PROVIDED DATA –
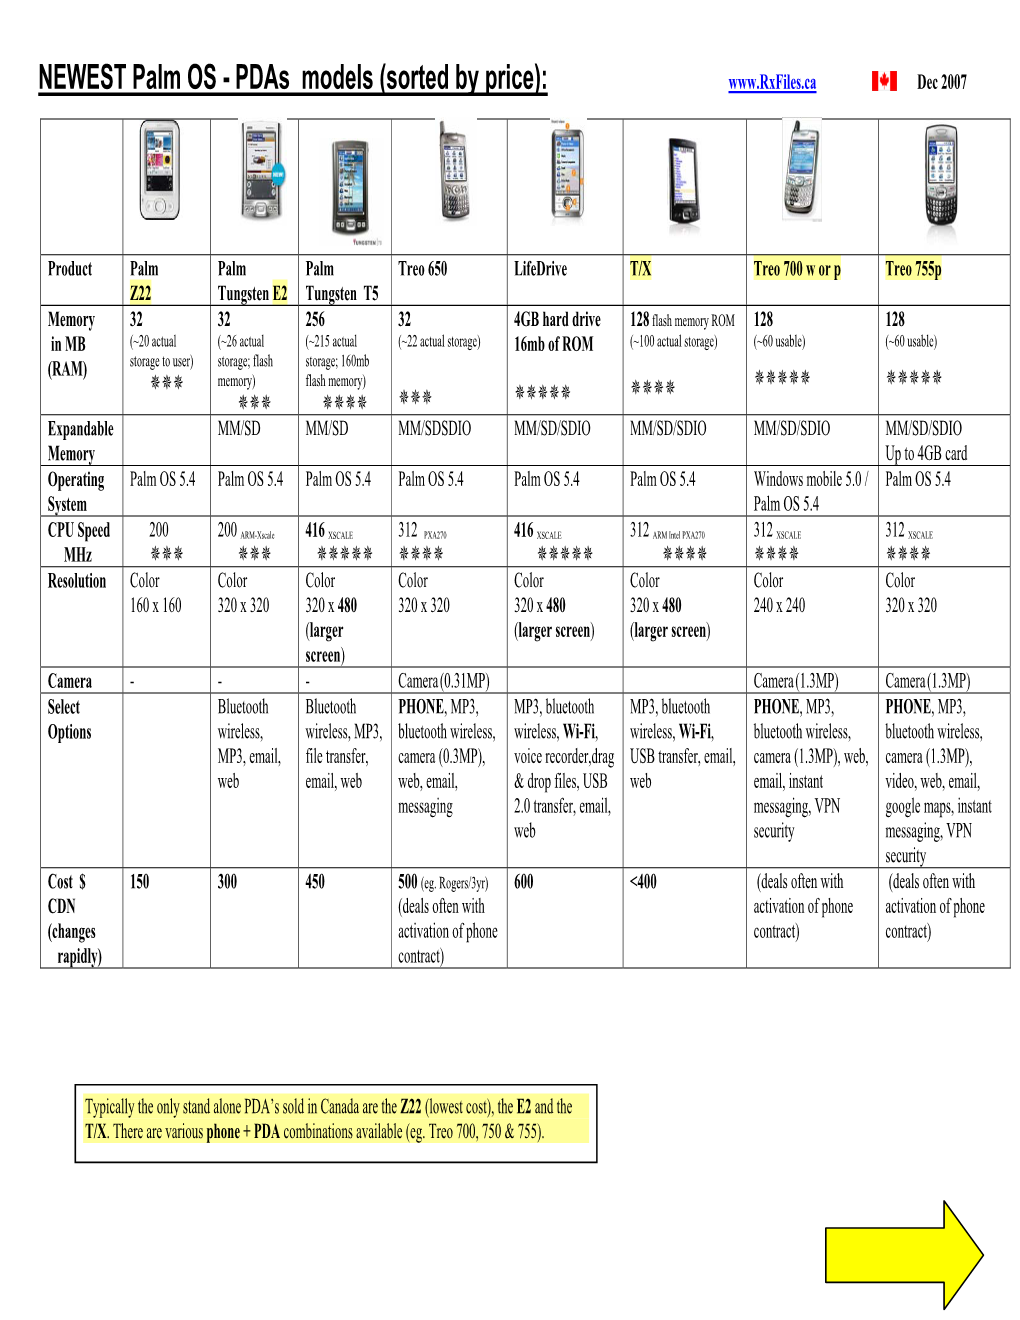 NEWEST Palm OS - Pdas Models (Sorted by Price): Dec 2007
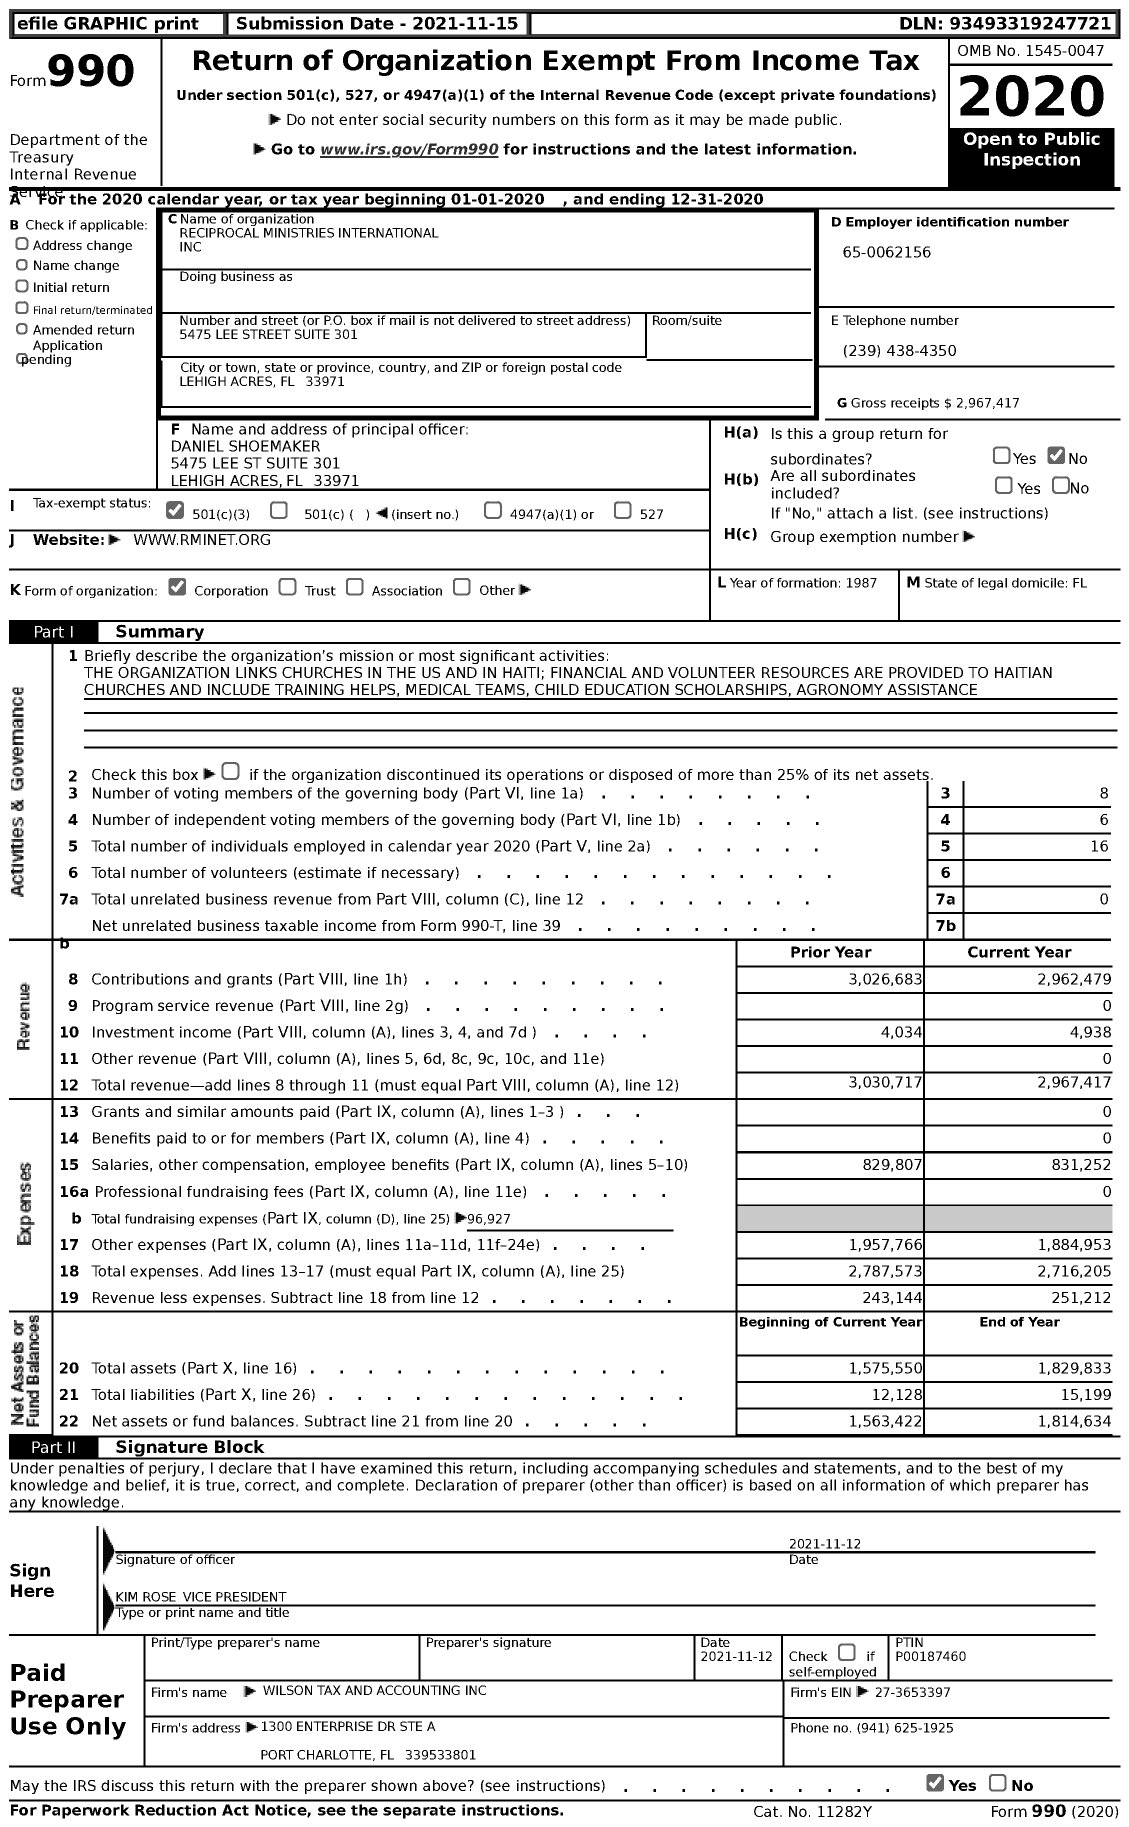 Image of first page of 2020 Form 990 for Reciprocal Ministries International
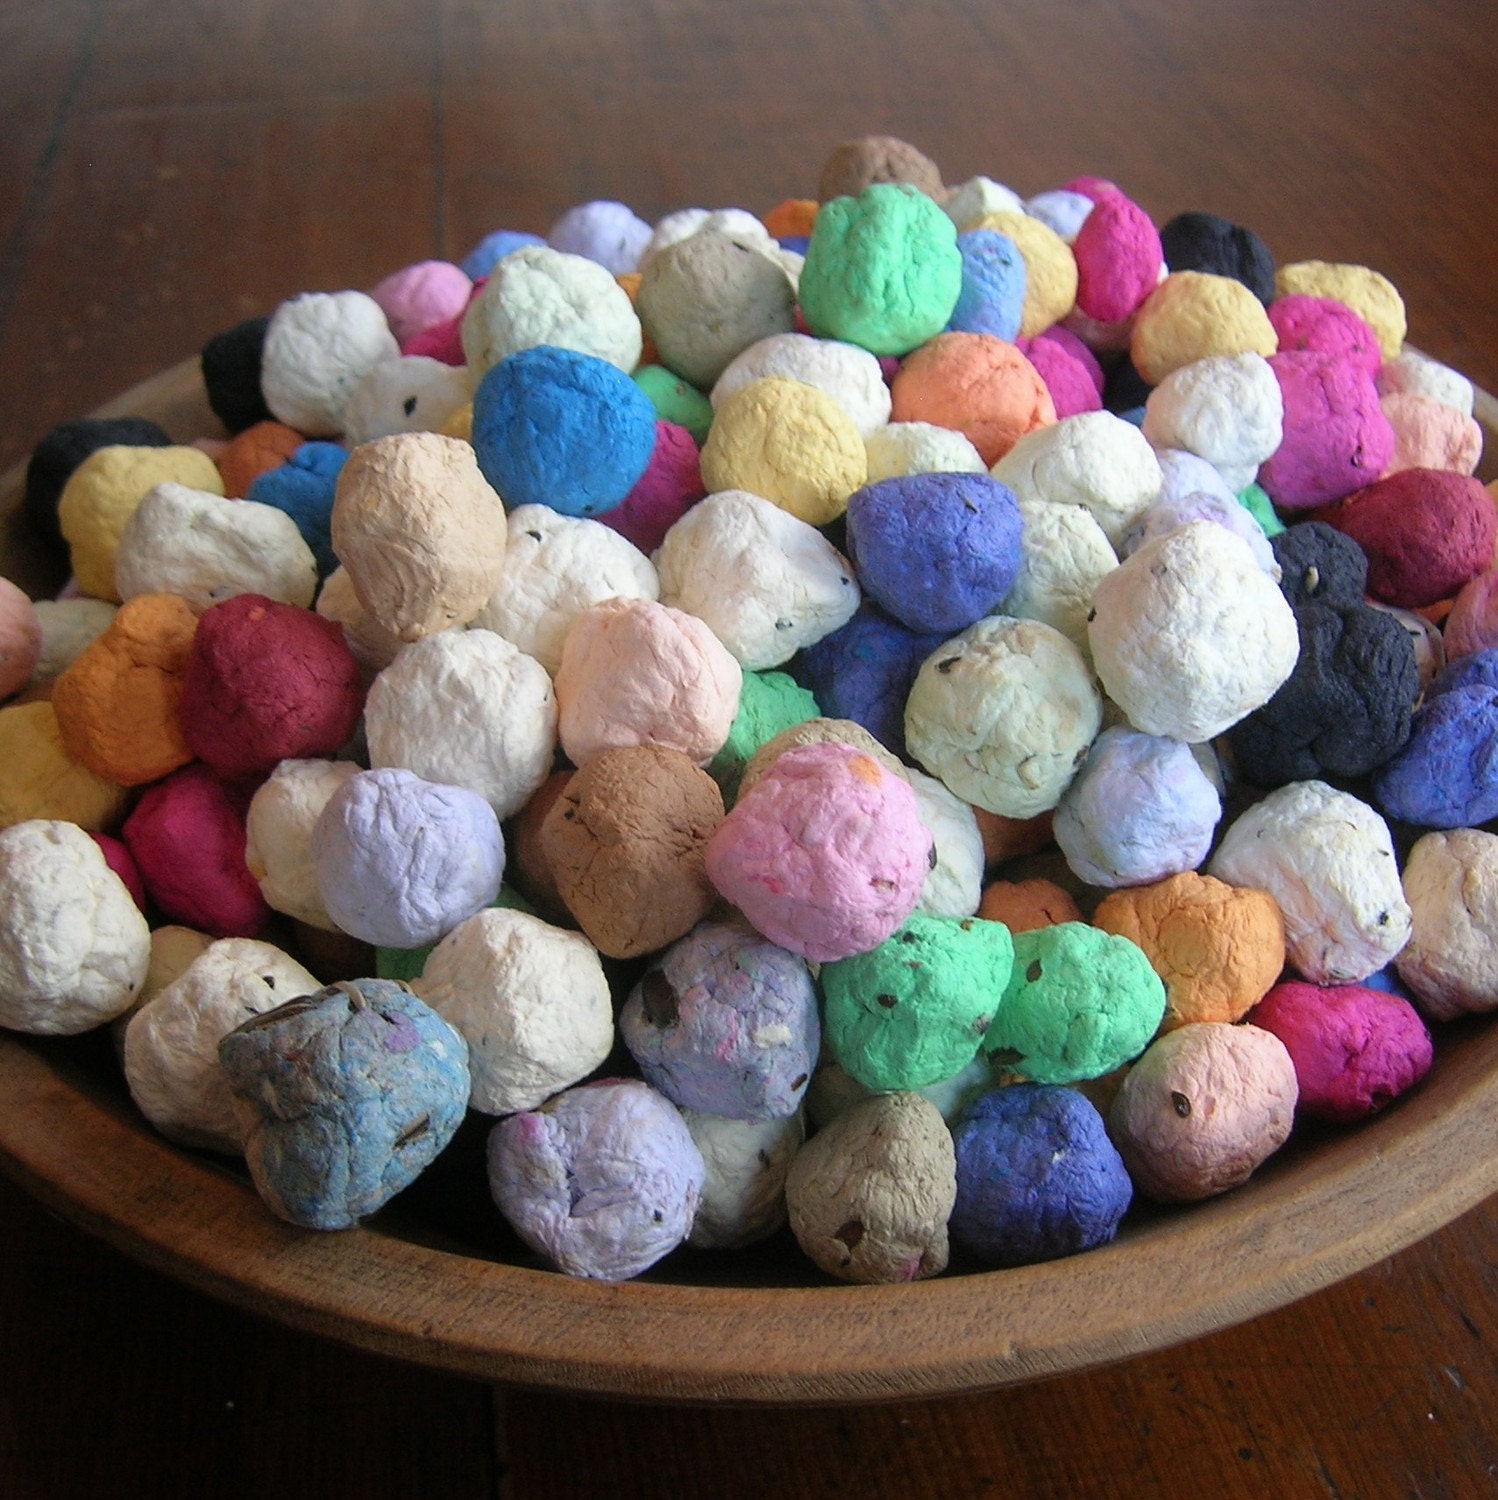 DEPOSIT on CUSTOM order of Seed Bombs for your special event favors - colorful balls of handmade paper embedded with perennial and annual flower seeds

YOUR TASK –
Exact copies of the lines from the one containing "Image of first" through the final line of the data are required; pictures are to be omitted.

RESPONSE TO THE TASK –
 Image of first page of 2020 Form 990 for Reciprocal Ministries International
 DEPOSIT on CUSTOM order of Seed Bombs for your special event favors - colorful balls of handmade paper embedded with perennial and annual flower seeds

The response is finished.